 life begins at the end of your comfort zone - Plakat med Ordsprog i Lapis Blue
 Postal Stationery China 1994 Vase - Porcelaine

* * *

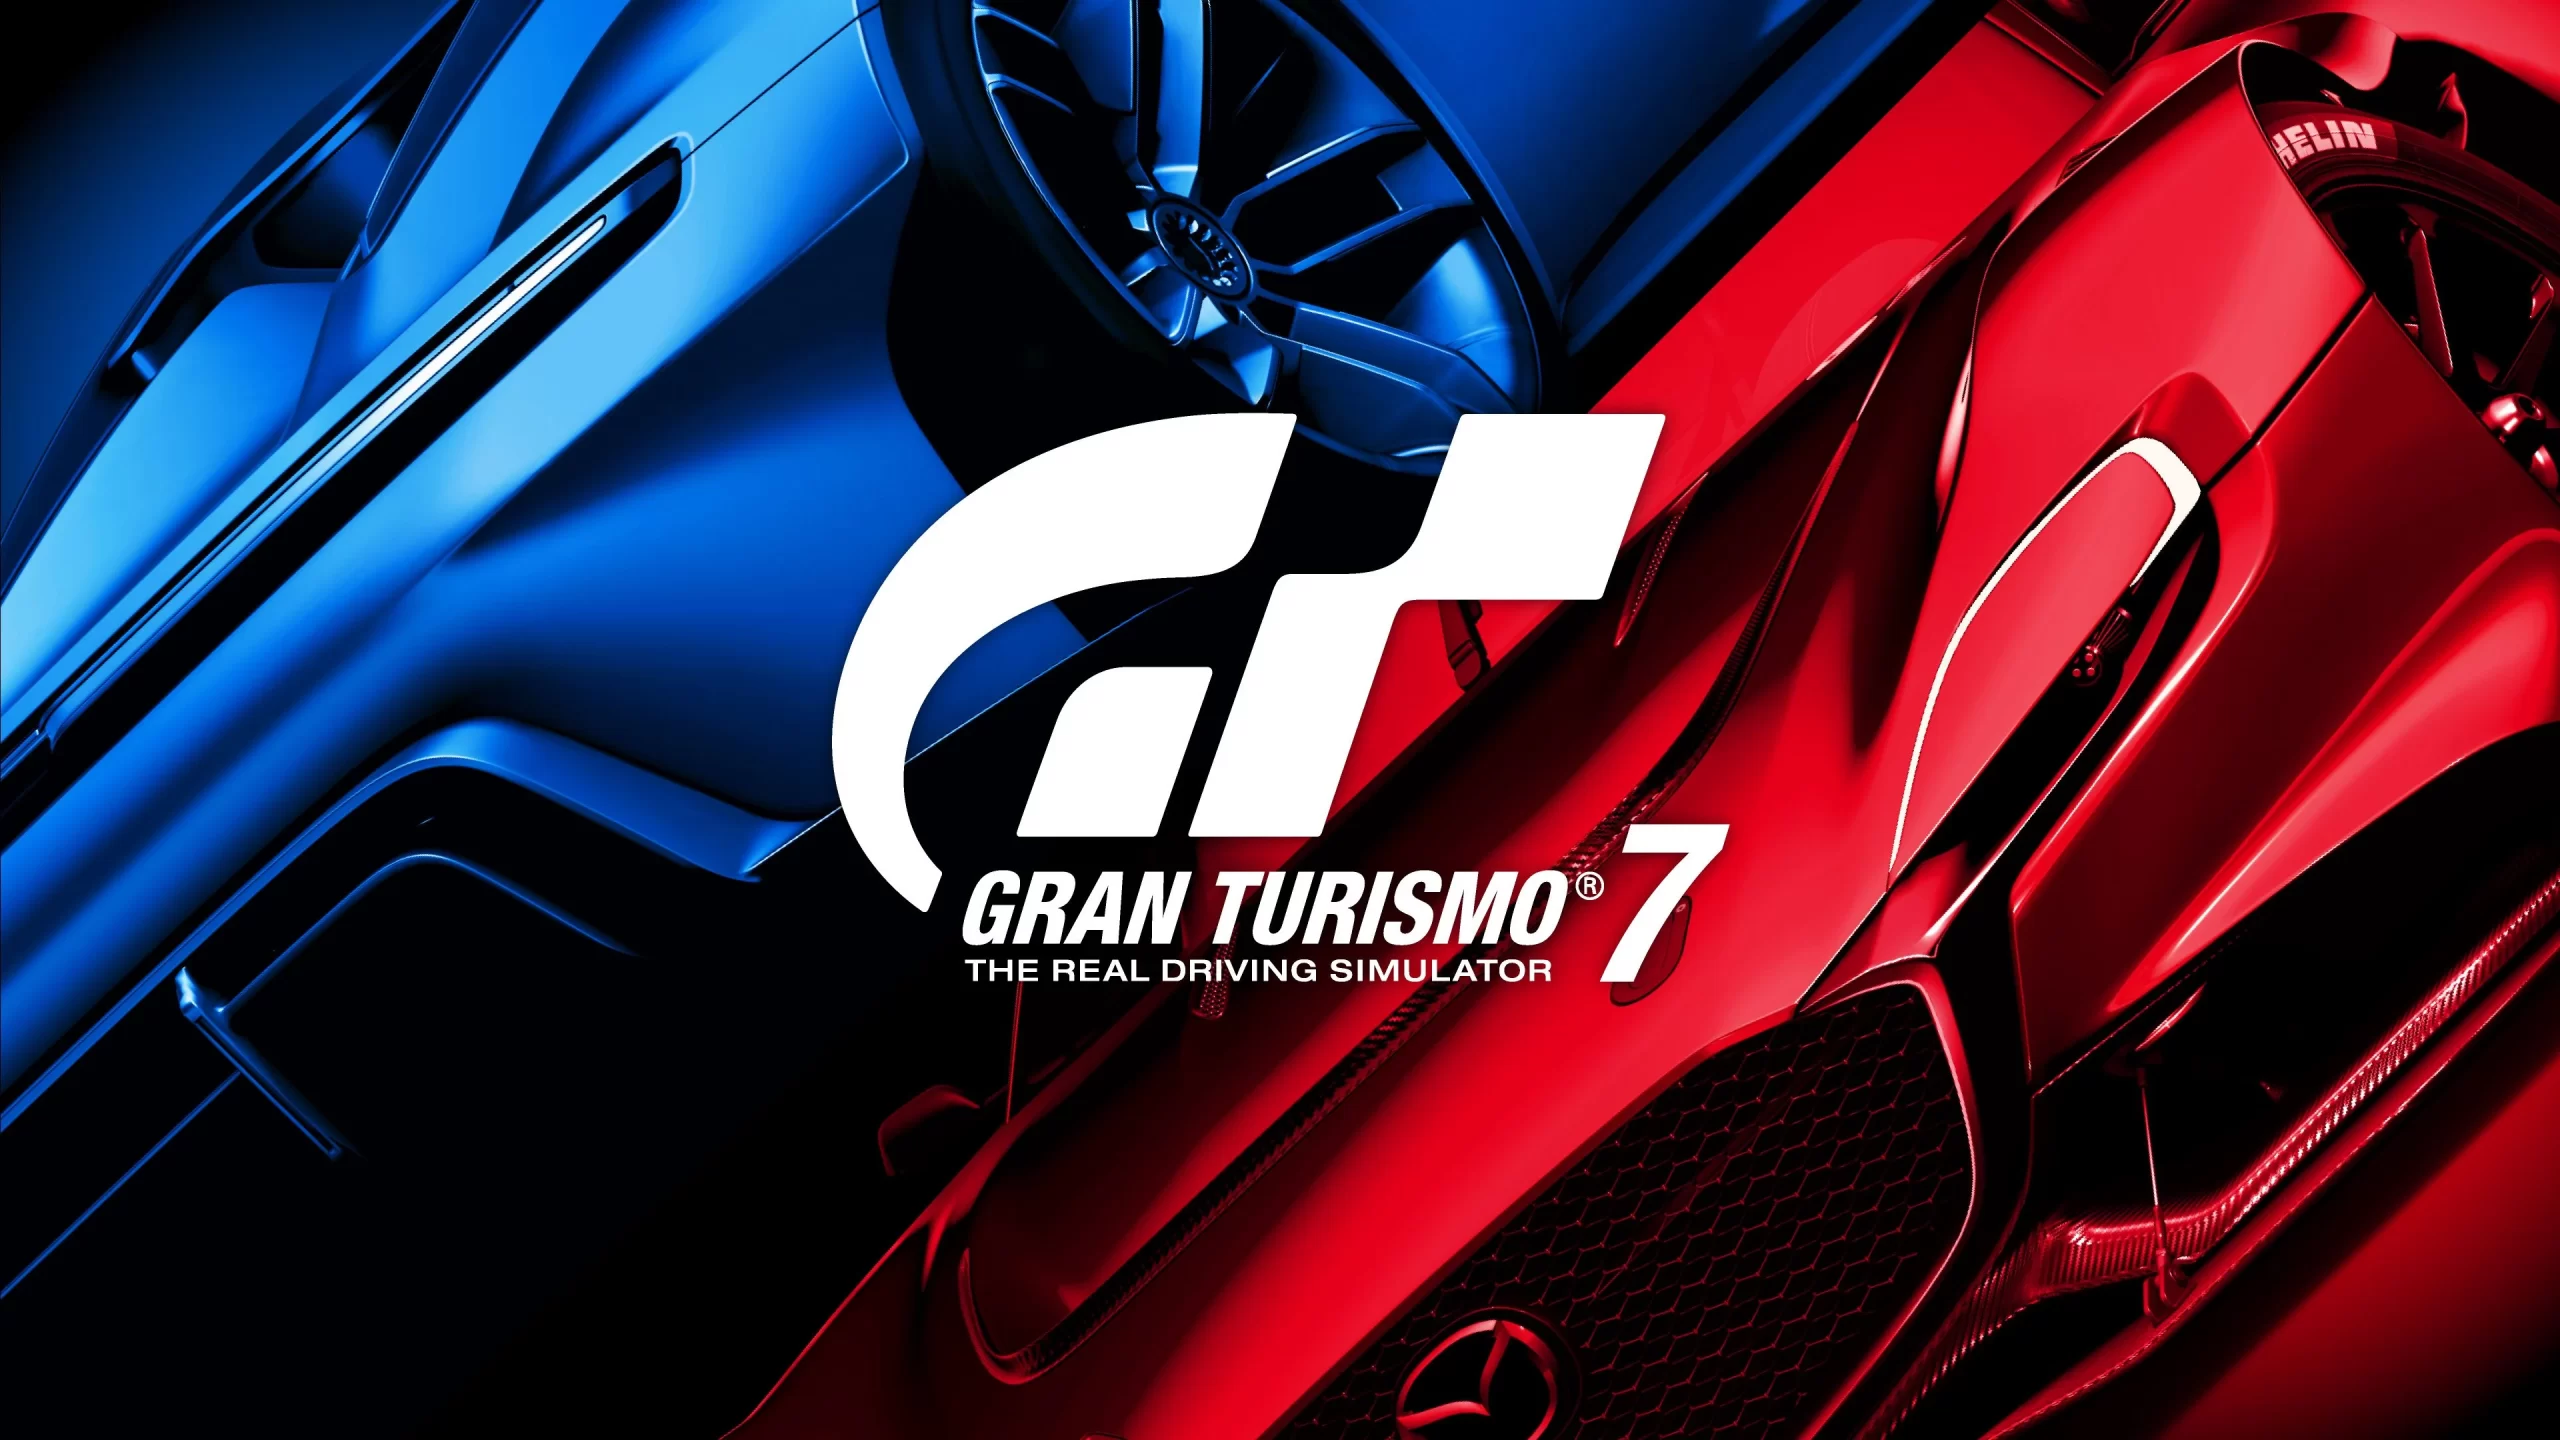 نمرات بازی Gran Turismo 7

**Your assignment**
The lines above starting at the one that contains "life begins at" and ending at the one that contains "Postal Stationery China" must be transcribed exactly, and no other lines may appear.

**Answer**
 life begins at the end of your comfort zone - Plakat med Ordsprog i Lapis Blue
 Postal Stationery China 1994 Vase - Porcelaine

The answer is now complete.